Unless I'm completely misunderstanding what ZiT said, the value of D0230010 should be remaining constant as the timer counts down. It should be a string of code that changes the value of the timer, as opposed to being the actual timer itself. So you want to search for D0230010, find a site that remains at that value no matter what else changes, change that value to D0630010, and that should then stop the timer countdown.
Quote from: Aesteval on November 28, 2008, 06:42:19 PMUnless I'm completely misunderstanding what ZiT said, the value of D0230010 should be remaining constant as the timer counts down. It should be a string of code that changes the value of the timer, as opposed to being the actual timer itself.

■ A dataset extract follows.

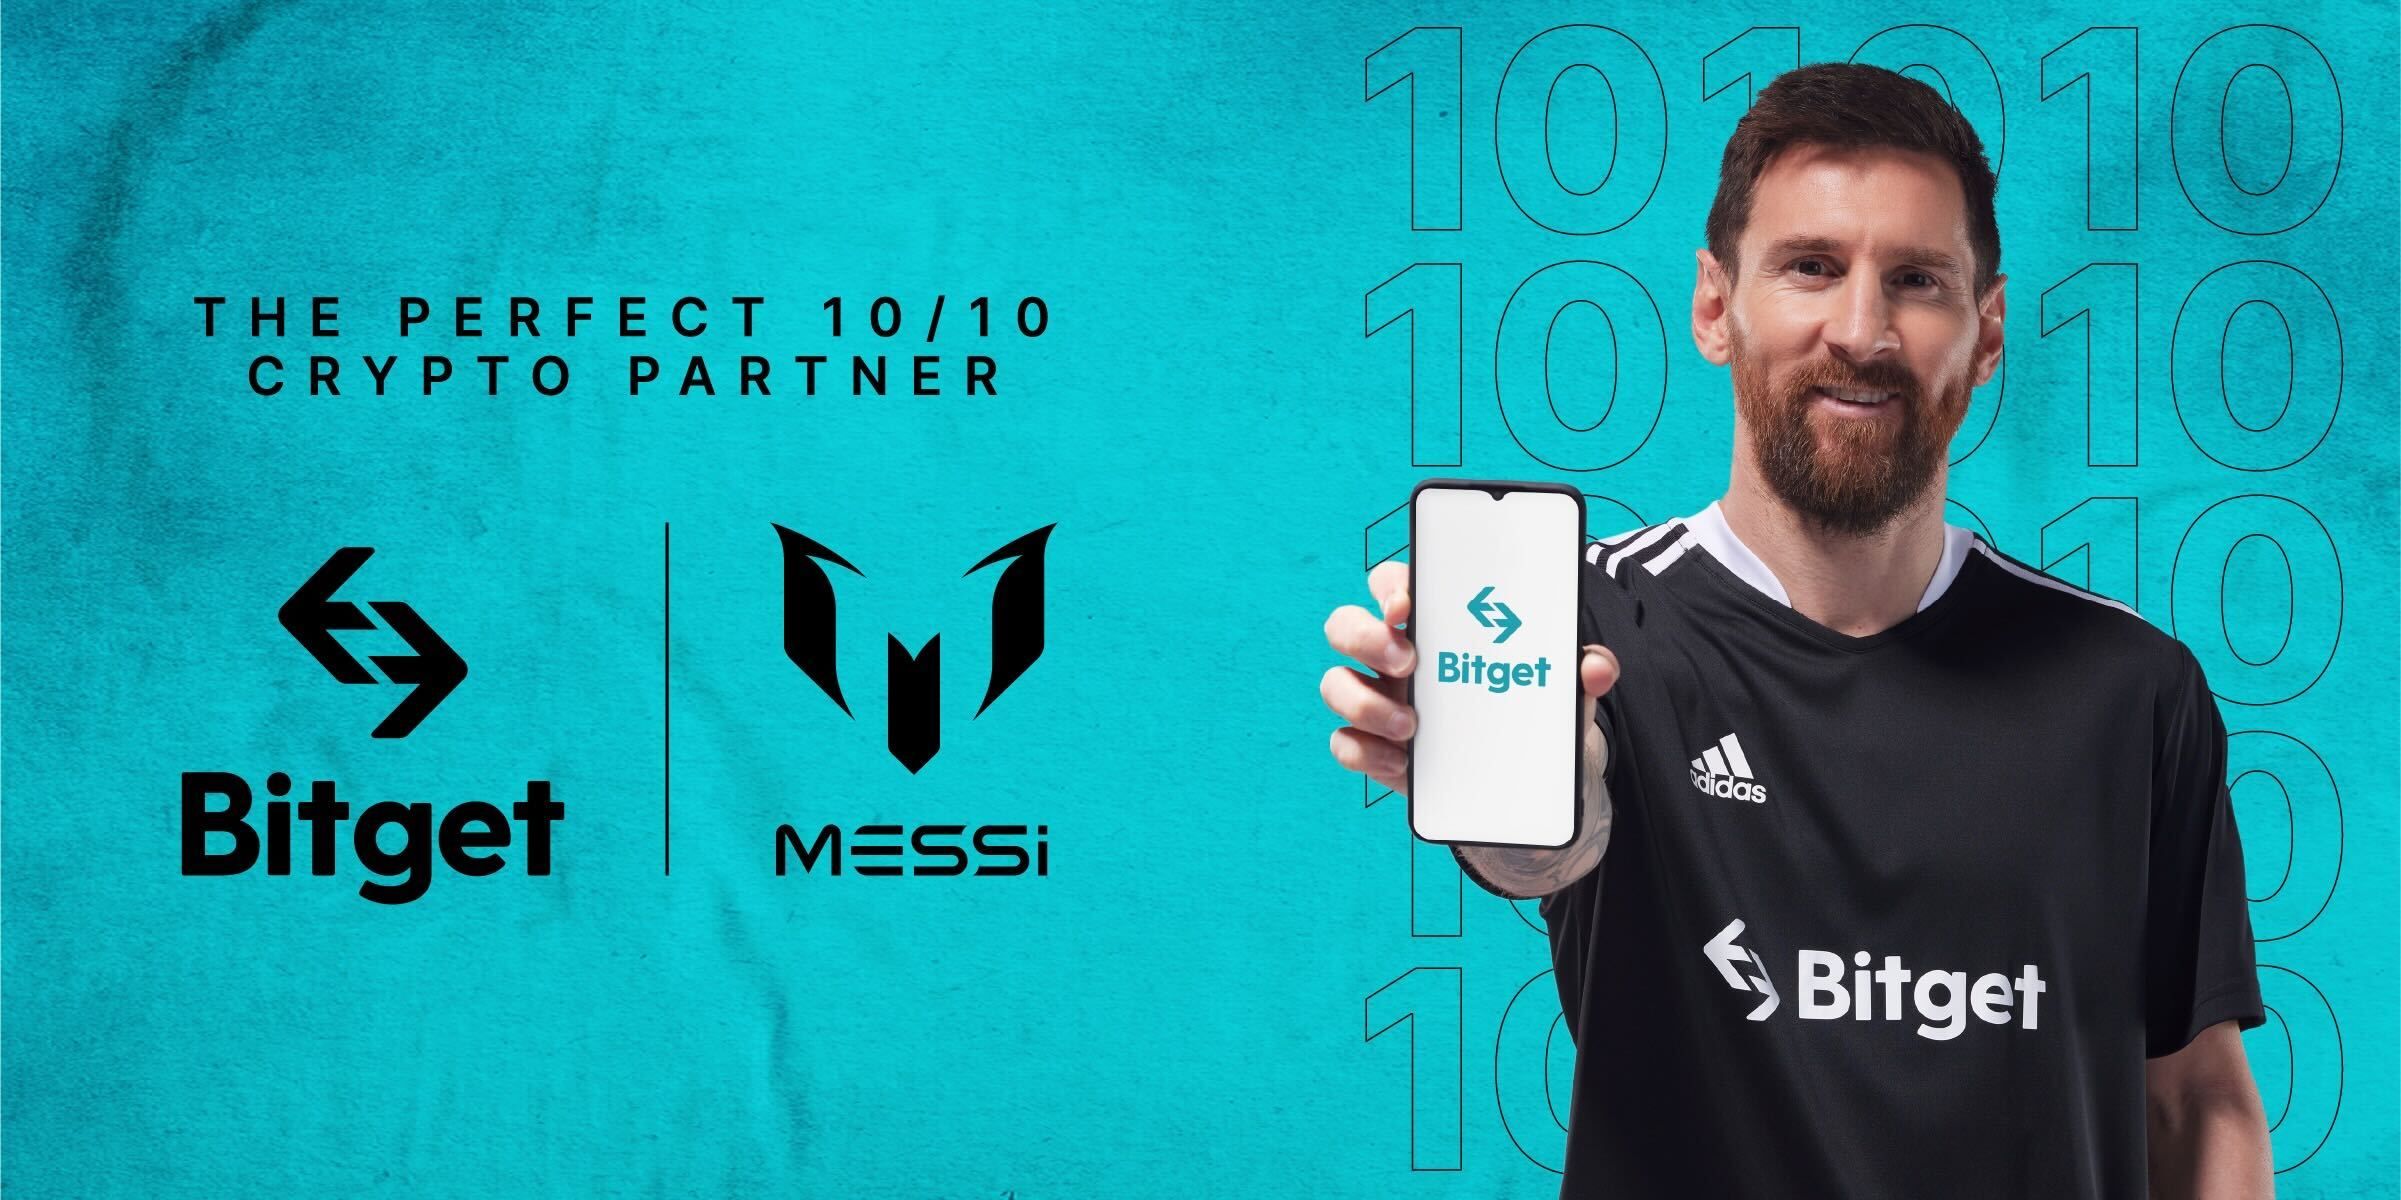  Messi Partners With Bitget To Enter The Crypto World

So you want to search for D0230010, find a site that remains at that value no matter what else changes, change that value to D0630010, and that should then stop the timer countdown.
Exactly
even when I find something that stays at d0230010 and then poke it at the other address the timer doesn't change and wired and the game crash when I try to do a memory dump for pointer search
address I have is 80102f94. I can't do this it's just not working and the program and game are too unstable.

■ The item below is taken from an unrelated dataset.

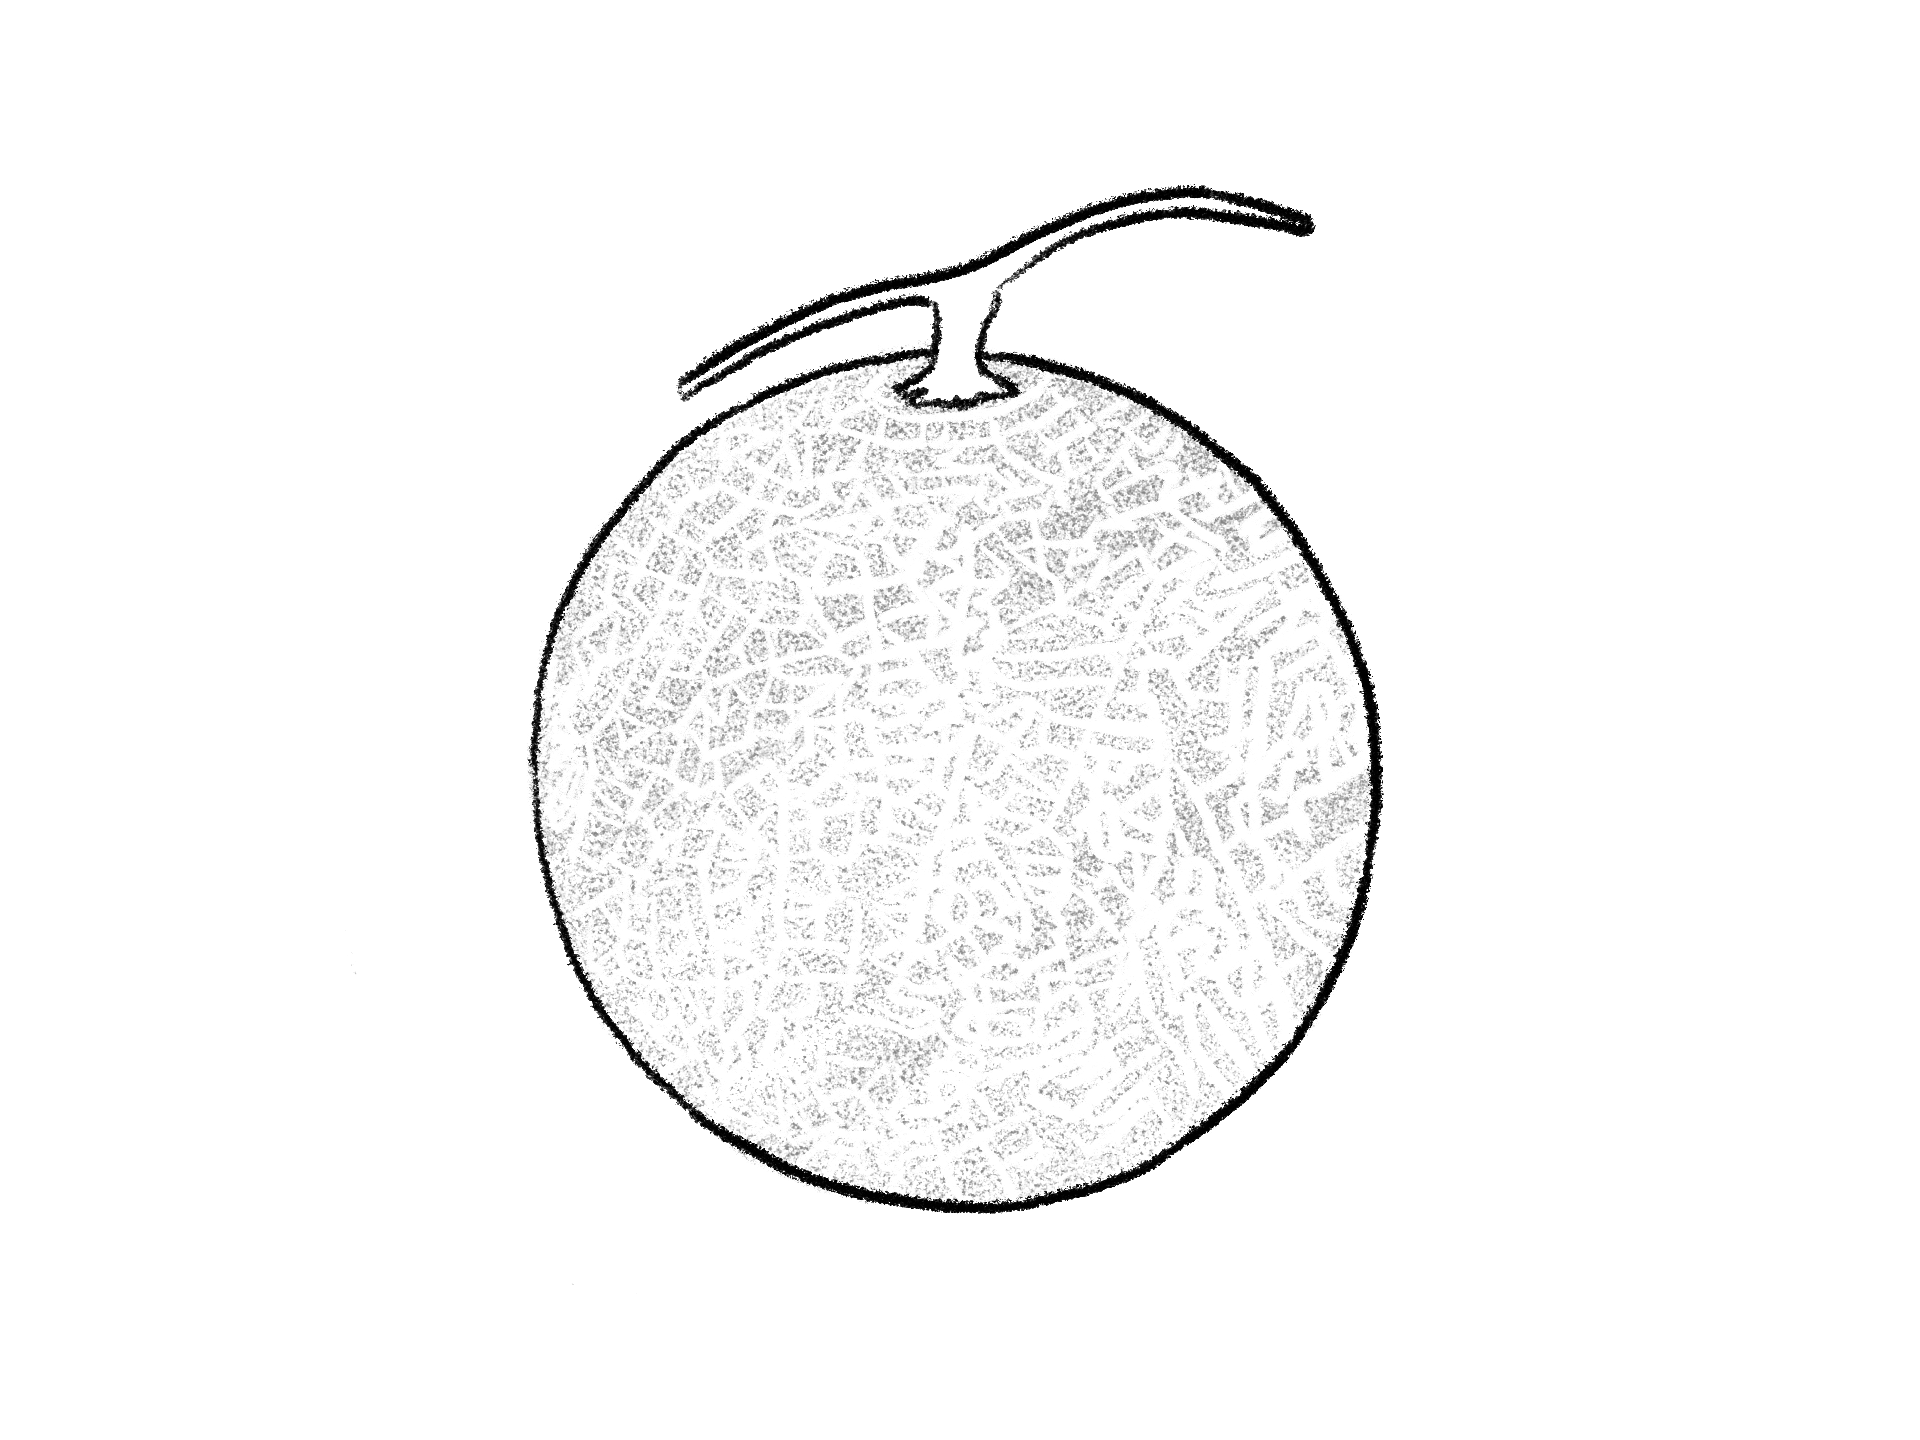 A melon, from The Melon Girl, a short story

if you search for d0230010, how many addresses are found?
44 at first then as I keep searching it narrows down to one. but poking whatever address is left doesn't change the timer why?
somebody find this one for me. wirid keeps crashing when doing memory dump for pointer search
none of the addresses found with d0230010 don't affect timer when poked.
I can't do this at all nothing works. too many crashes.
you have to keep searching for D0230010, even if the timer goes down.
if you have just one left, poke it at D0630010
that way the timer will stop going down
D0230010 isn't a value but it is an instruction for the wii.
so don't poke it to a another value than D0630010
I do search until one is left but poking at d0630010 doesn't stop the timer at all and I have tried on several levels
what address is it?
wiirid crashed during a search. the search button said stop and never returned to search why?
on level 4 two codes end in search
80102f94 d0230010
801037ec d0230010
does something happen when you poke them at D0630010?
i moved the usb collection from a usb hub to a port on my pc and now I get 345 results over and over and over none disappear why? I thought changing the connection would eliminate the crashes.
nothing happens when I poke the two addresses at d0630010
okay the usb gecko is fine I think running it through the hub was casuing bad data but now any search for d0230010 just gives me 343+ results no matter how many times I search after the timer changes.
Please look for "D0 23 00 10 40 80 00 08" by a binary editor.
The address of the place is a right order if found.
Reference:My BBS
http://bb2.atbb.jp/wiicode/viewtopic.php?t=104 (http://bb2.atbb.jp/wiicode/viewtopic.php?t=104)
display 00010203 04050607 08090a0b 0c0d0e0f
8007ed80 d0230010 40800008 d00301dc 806db720
disassembler
8007bd82 d0230010 stfs f1,16(r3)
That's it just how do you write the gecko code so others can use it?
it would be:
0407bd82 D0630010
8007bd82 d0230010 ? ? ?
Will not it be 8007bd80 d0230010?
TIME STOP
0407bd80 D0630010
Quote from: ZiT on November 30, 2008, 03:30:18 AM
8007bd82 d0230010 ? ? ?
Will not it be 8007bd80 d0230010?
TIME STOP
0407bd80 D0630010
oh, yeah. I didn't notice.
I just copied it from bradhig's post.
I am working on inf health so you don't take damage when black elebits hit you. Looks like another ASM code normal searches aren't finding it.